他傻笑着,“殿下”
“滚”谢尘无情的一声,打破了他一丝侥幸心理。
又骂我?呜呜呜呜我到底是走还是不走啊。
犹豫不了那么久,他赶着马就这么走了。
“叶青,你留下来保护兰儿,我去去就回。”苏忆说完就走了,后面有自己的马车轿子。
完了,小姐不要兰儿跟着了,伤心……
谢尘赶往的是满香楼的方向,看来一切在按部就班地发展着。
苏忆吩咐马车师傅驶向满香楼的位置,谢尘到后按照祁文给出的信件,找到了位置。
三楼有八房雅间,廿一,“是这了殿下”
门是关着的,阳光照在里面隐隐约约能看到两个人在里面,
谢尘眼睛聚焦着,歪头一看。是祁文,还有一位应是他的侍卫。
凌安上前探查着,“属下是否在此等候?”
谢尘右手一抬,凌安便明白了。
凌安帮他把门轻轻推开,桌子上的菜还热乎着冒着热气,中间放着三壶酒,祁王在正对面坐着,后面正是他的侍卫右书,和凌安一样带着把佩剑。
右书对谢尘的敌意很大,但听外面传闻这个废物太子的武功不怎么样,想来不是自家主子的对手。
他的自信应当是遗传了自家主子。
祁王让右书退下,示意谢尘坐下。
右书出去后将门带上,旁边的凌安随时准备拔刀,顺便瞪了一眼右书。
“你!”右书一点就炸。
想着自家主子还在里面办大事,他便忍了回去。
“太子殿下,久仰大名。
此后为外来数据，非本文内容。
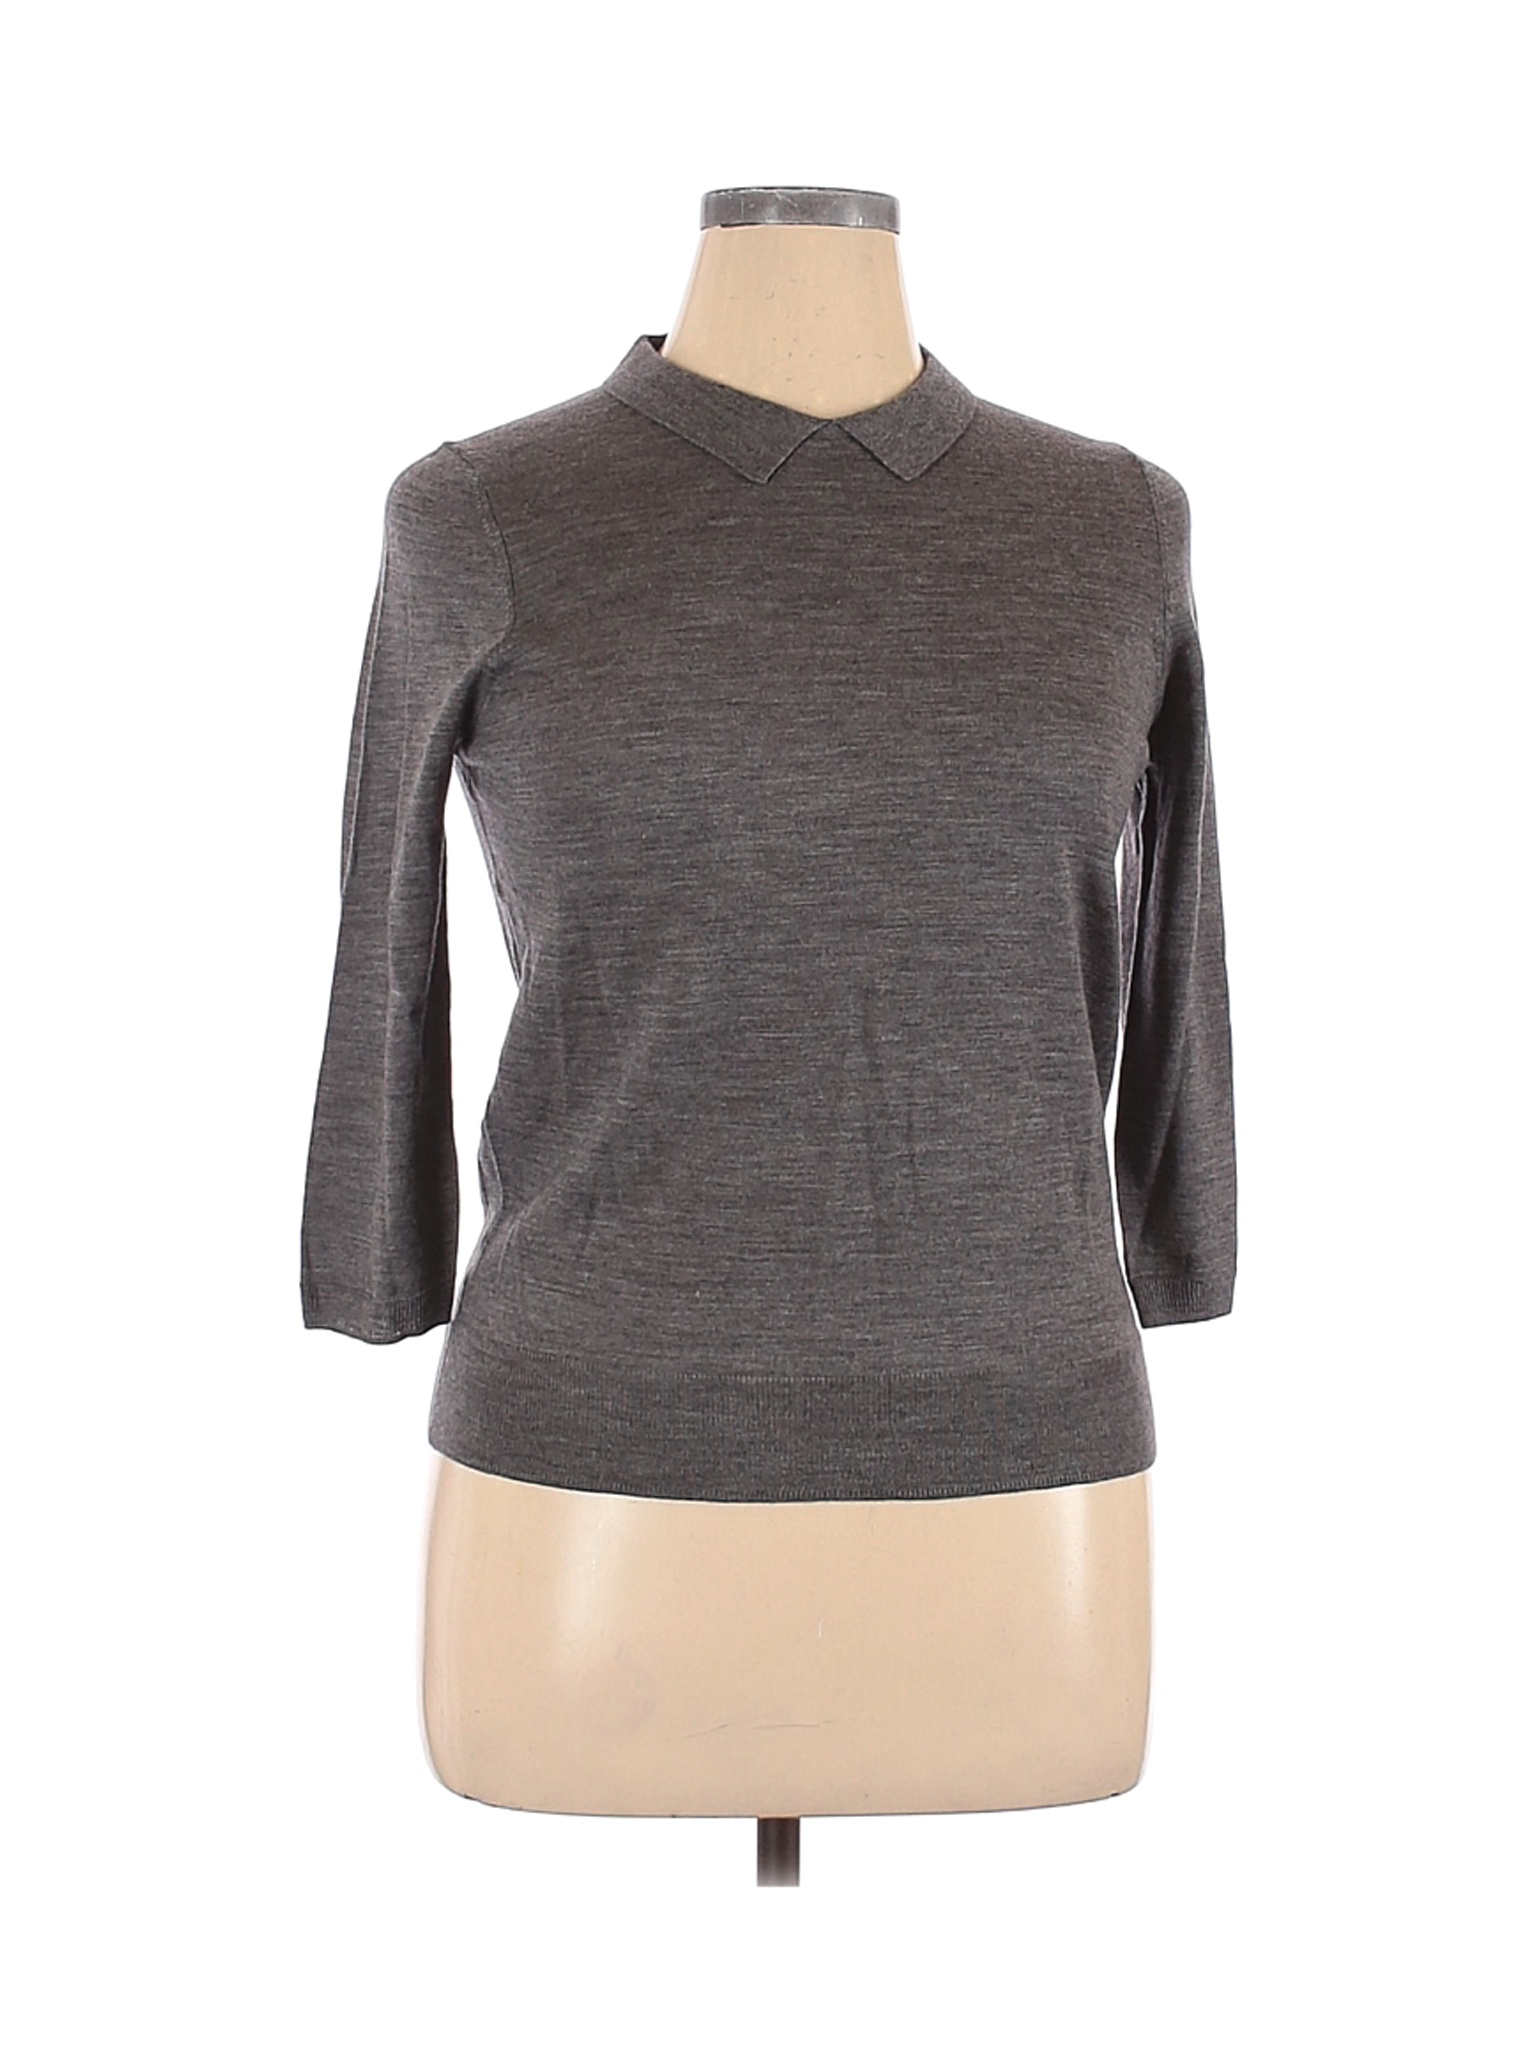 Ann Taylor Women Gray Wool Pullover Sweater XL Petites | eBay

”他边说着拿起酒杯就给太子倒着酒,谢尘闻着味道,两杯酒出自同一壶,难道这毒下在了杯子上。
谢尘其实察言观色的本事不赖,只是鲜少表现出自己看穿了的样子。
“祁王殿下有如此闲情雅致,倒是心宽。”他没有喝下那杯酒,只是晾在一旁,吃起了菜。
祁文见他应该察觉杯中的问题,便谈道,“太子殿下,这次请您来呢,就是为了合作”
他试探谢尘,“听闻平王殿下与您相交甚好,不知可否引荐给在下?”菜他是一口没吃,话说了不少。
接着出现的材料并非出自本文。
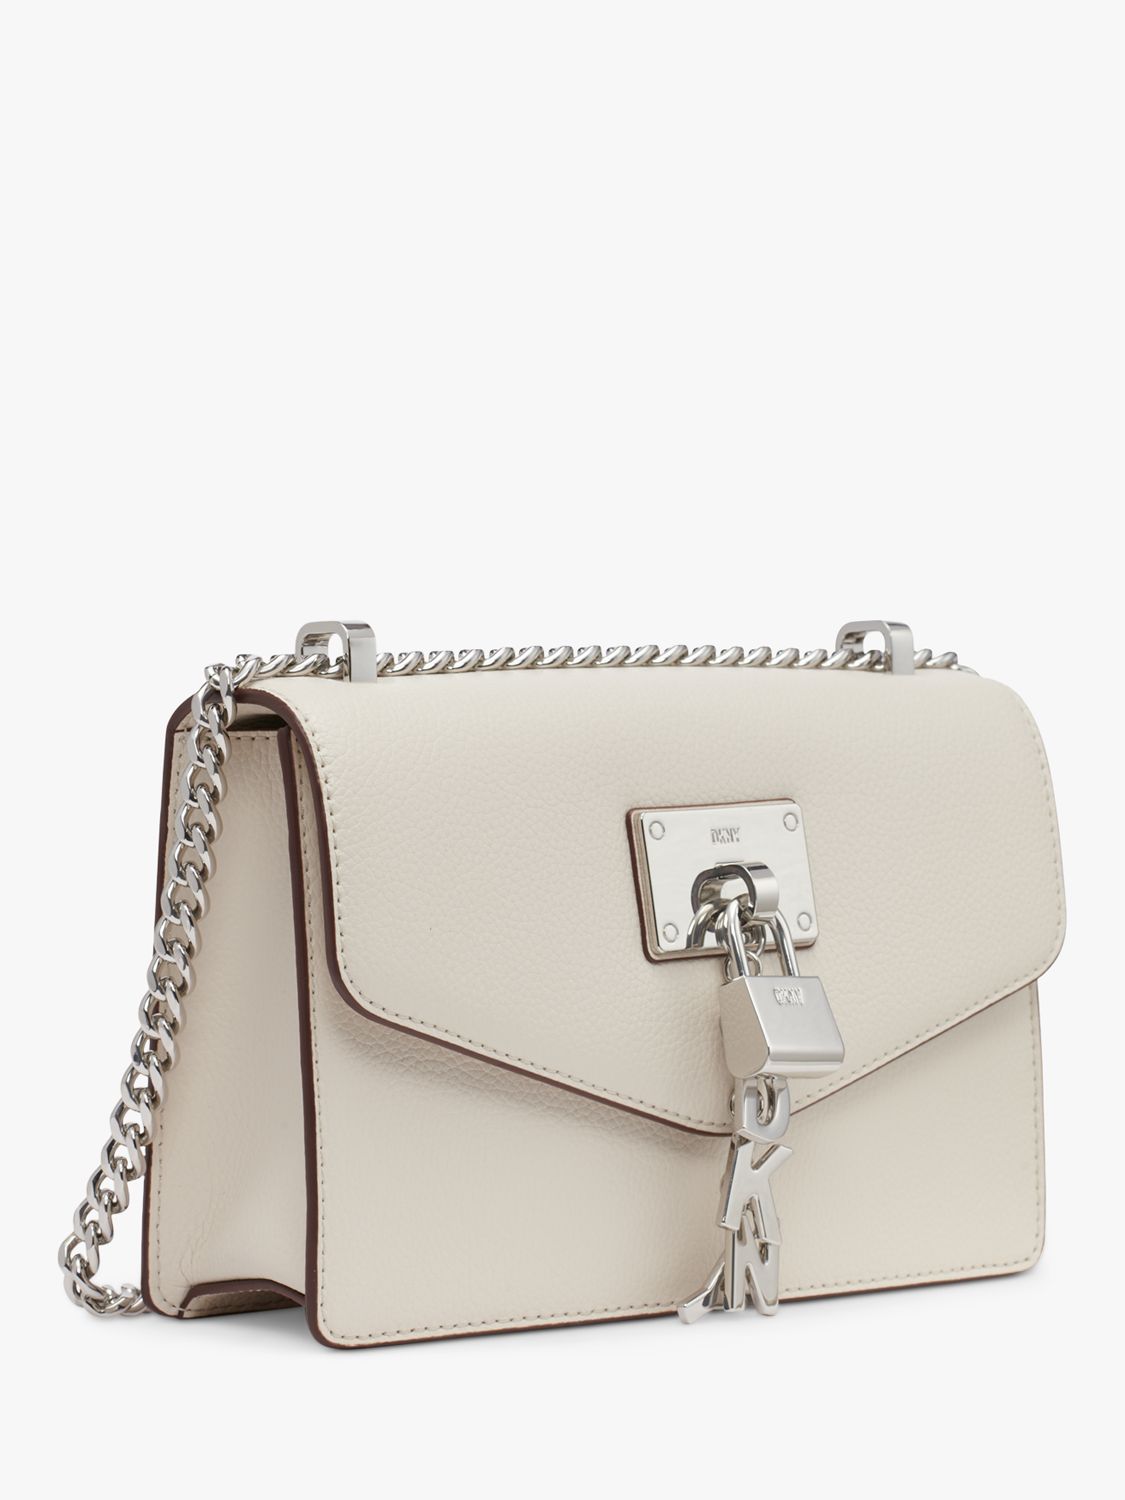 DKNY Elissa Small Pebble Leather Shoulder Bag at John Lewis & Partners

谢尘轻笑一声,继续吃着“你们不是早就见过面了,怎么,孤那皇亲不待见你?”
祁文没想到这么快就被发现了,他现在只想拖到仪淑妃带人来抓自己,好拉他下水。
他缓慢站起来,表现得一幅毫不在意的样子,“这些年在外,本王心里无时无刻记挂着大乾百姓,整日那是夜不能寐啊,如今回来只为了能够为百姓做点什么,弥补往日父亲所犯下的过错!”
他越说越大声,说得跟真的一样。
此时房梁上的苏忆已经趴了半柱香的是时间,听了个七七八八,大概意思就是,我与你合作,你如果拒绝了就是不为百姓着想,你要是同意了,那日后便与我同流合污。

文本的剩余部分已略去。